*** DATA PROVIDED ***

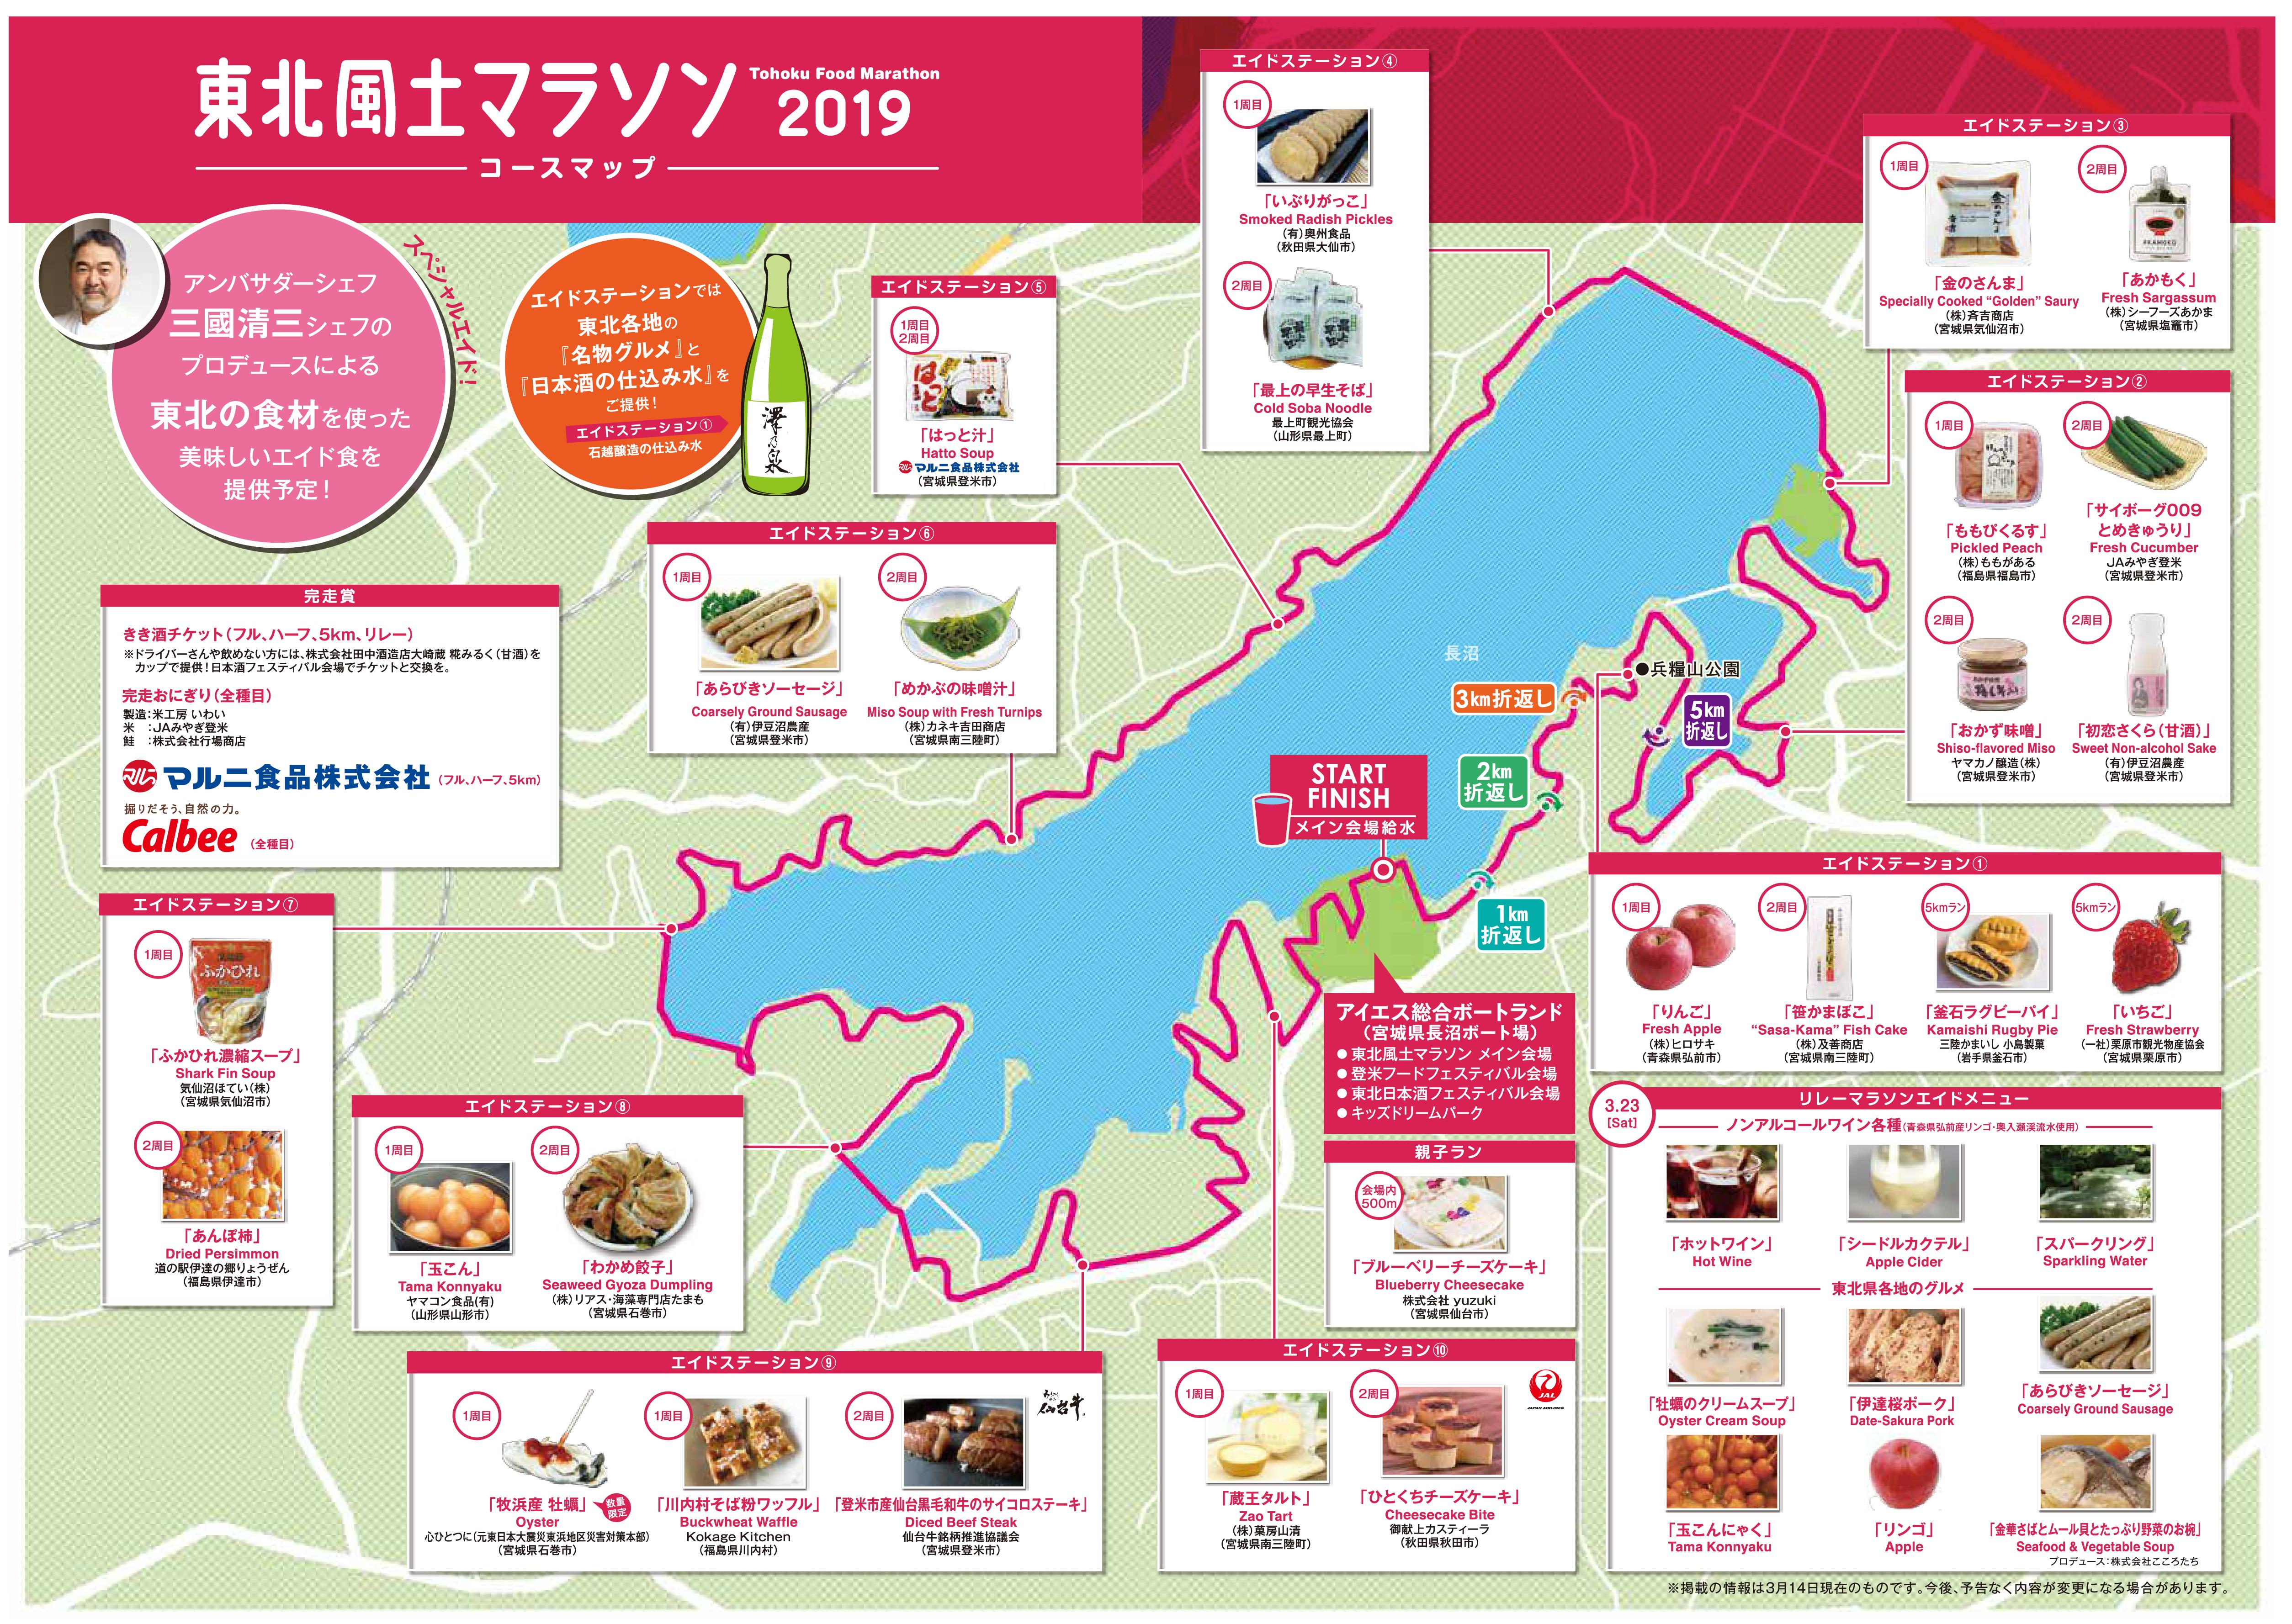 「東北風土マラソン2019」コースマップ
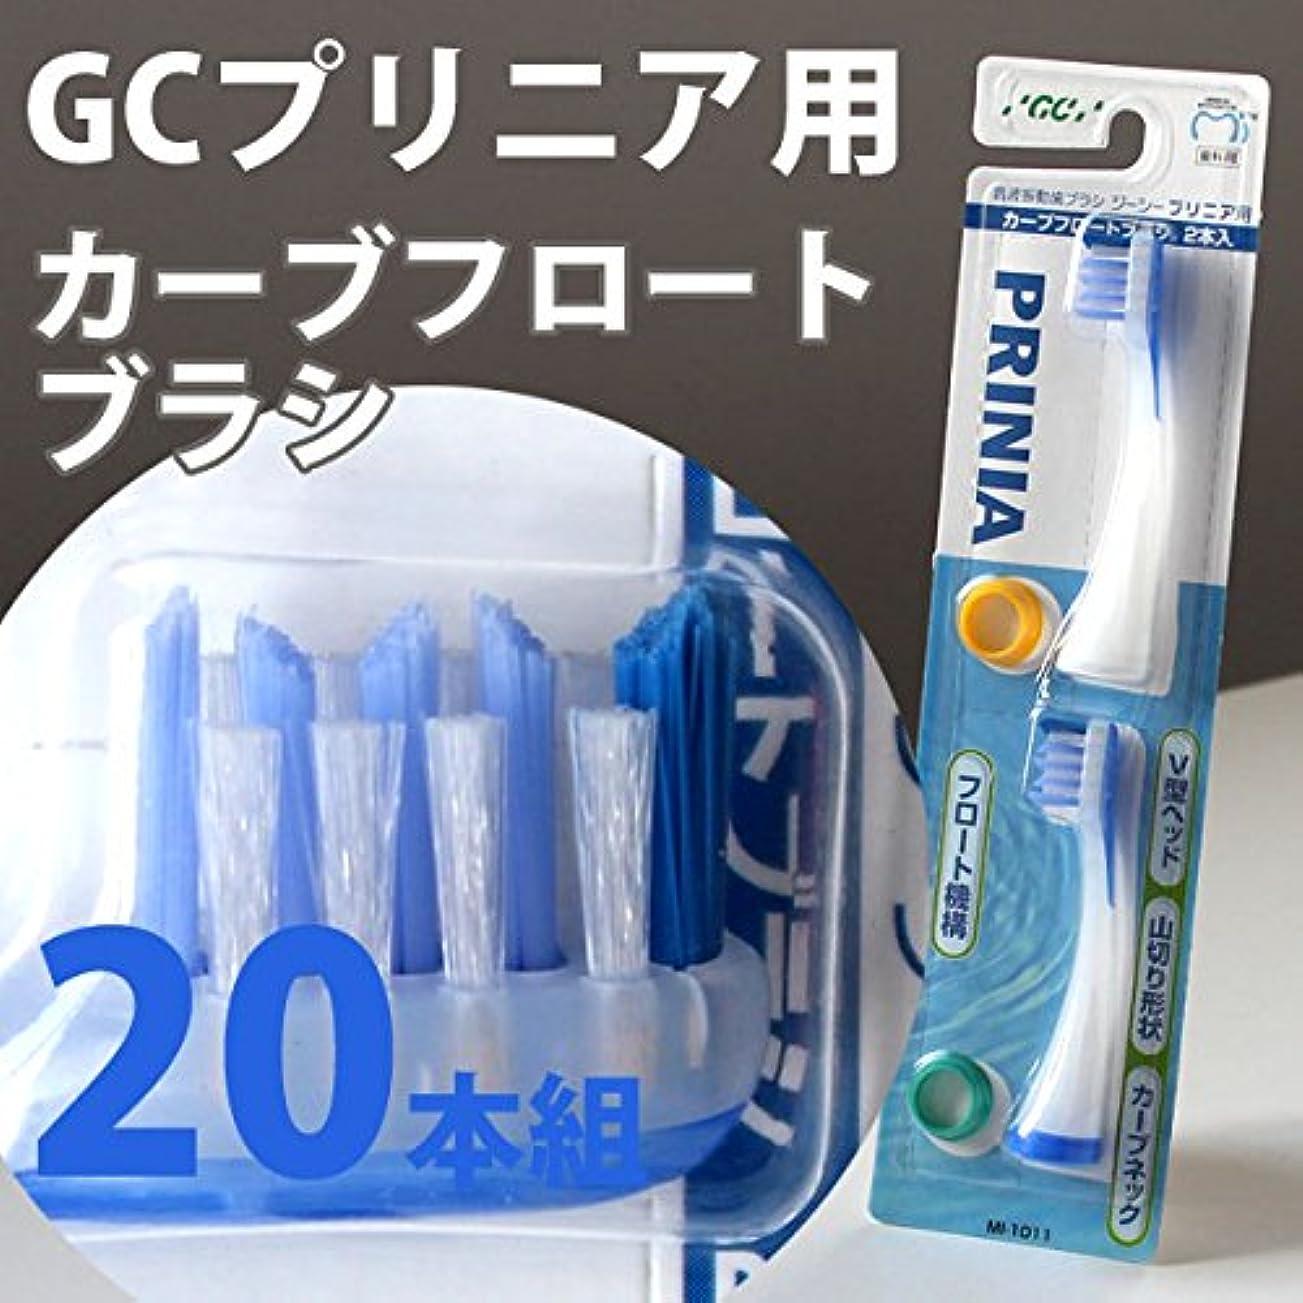 妨げる報いるマットプリニア GC 音波振動 歯ブラシ プリニアスリム替えブラシ カーブフロートブラシ 10セット 便不 ブルー
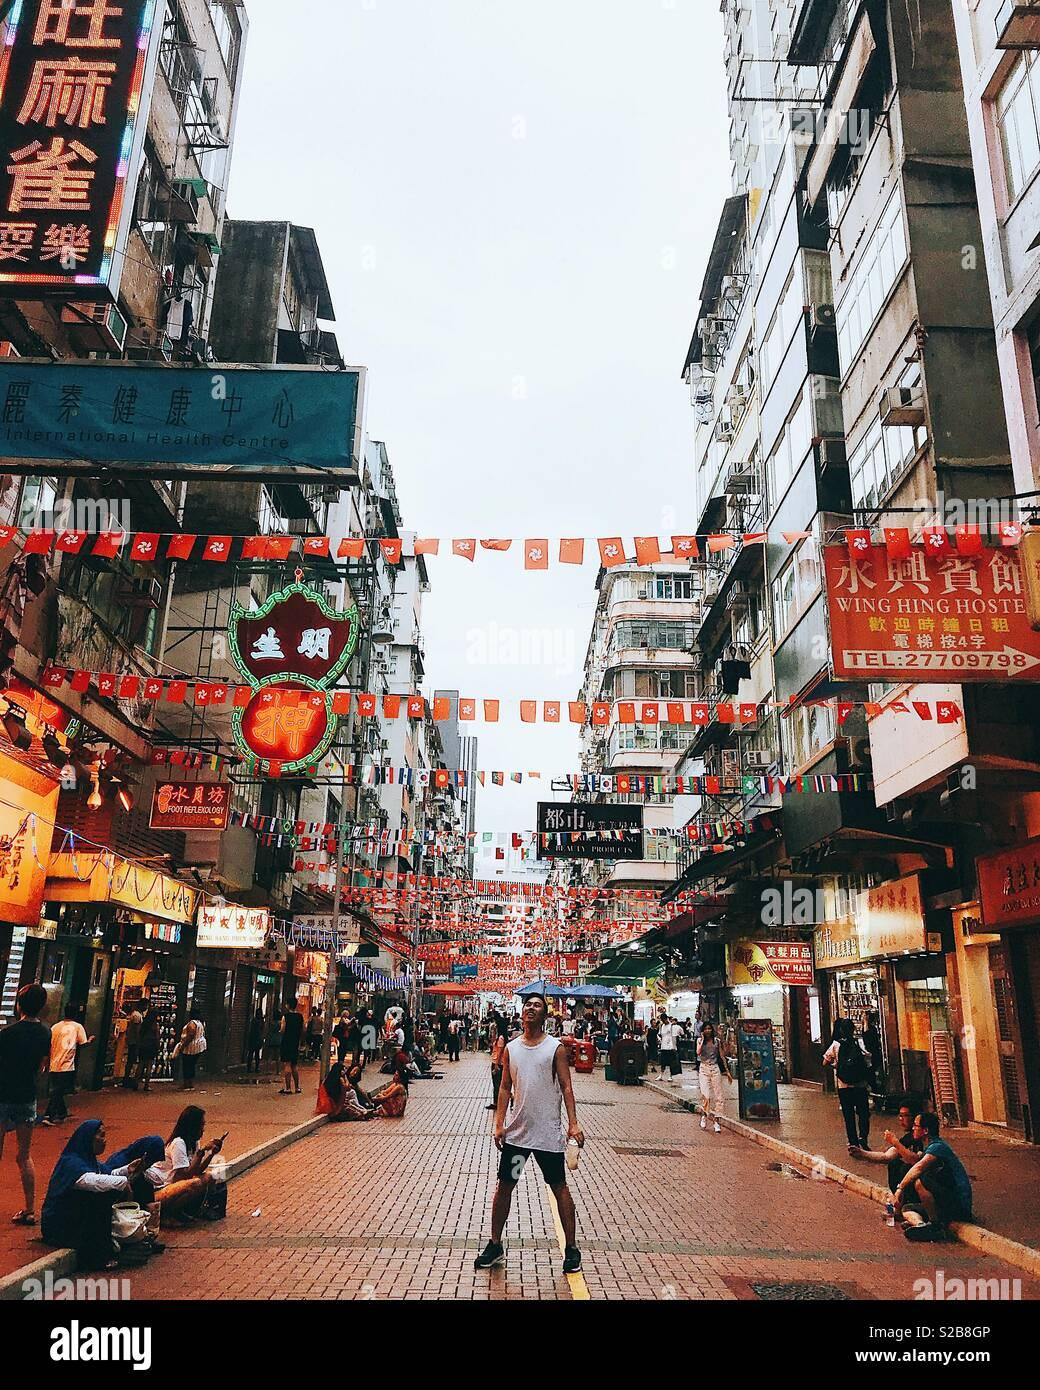 Où pouvez-vous trouver de meilleurs marchés de rue qu'à Hong Kong? Photo Stock
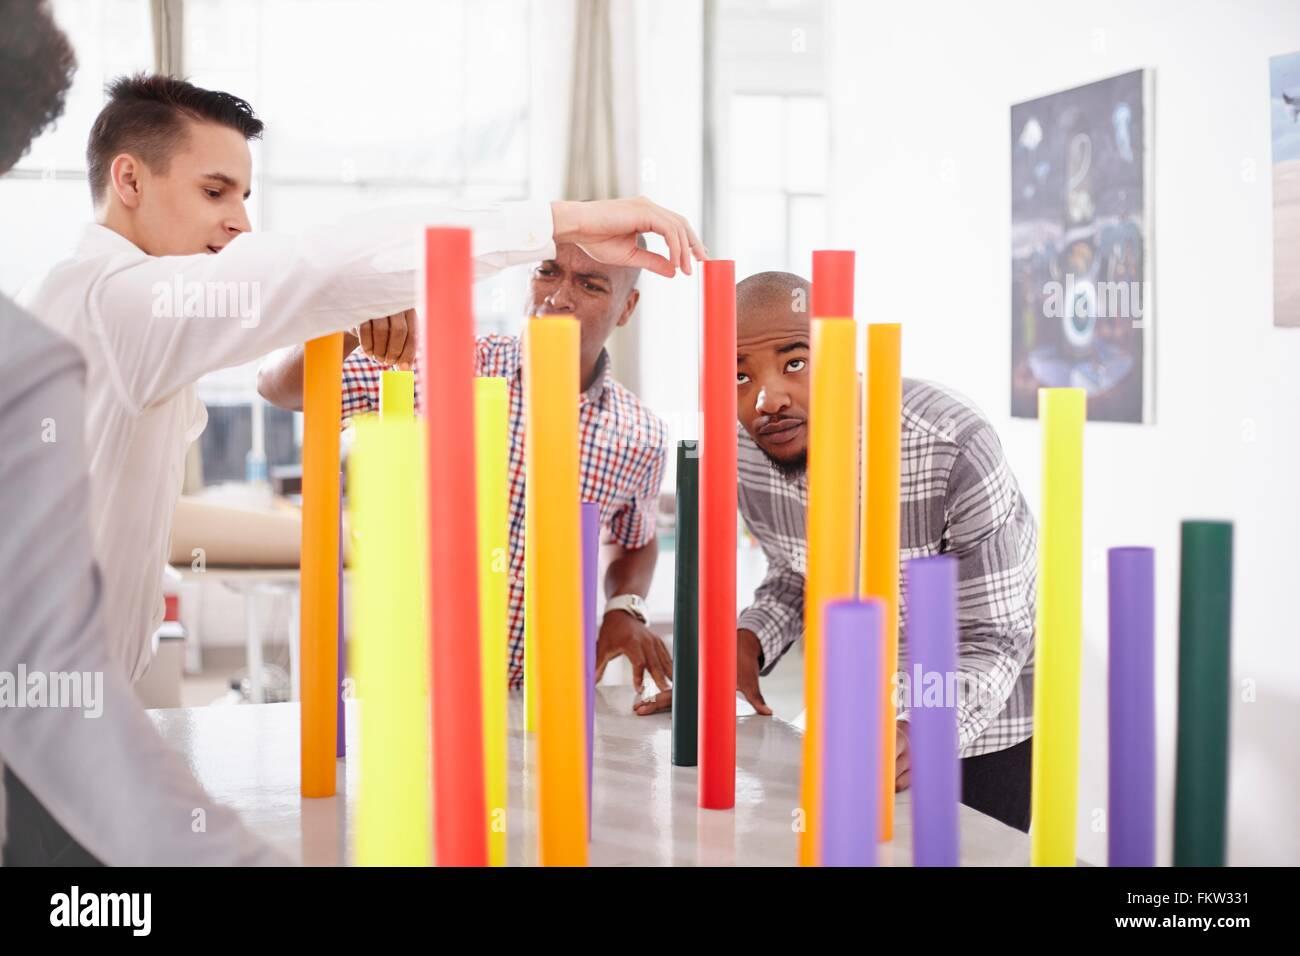 Kolleginnen und Kollegen im Team-building Aufgabe Ausgleich bunte Rohre Stockbild

***

### INSTRUCTIONS FOR THE TASK
Restate word for word, please, the line containing "妨げる報いるマットプリニア GC 音波振動" and all lines after it through the end of the material; the pictures do not belong in the copy.

### RESPONSE BELOW
 妨げる報いるマットプリニア GC 音波振動 歯ブラシ プリニアスリム替えブラシ カーブフロートブラシ 10セット 便不 ブルー
 Où pouvez-vous trouver de meilleurs marchés de rue qu'à Hong Kong? Photo Stock
 Kolleginnen und Kollegen im Team-building Aufgabe Ausgleich bunte Rohre Stockbild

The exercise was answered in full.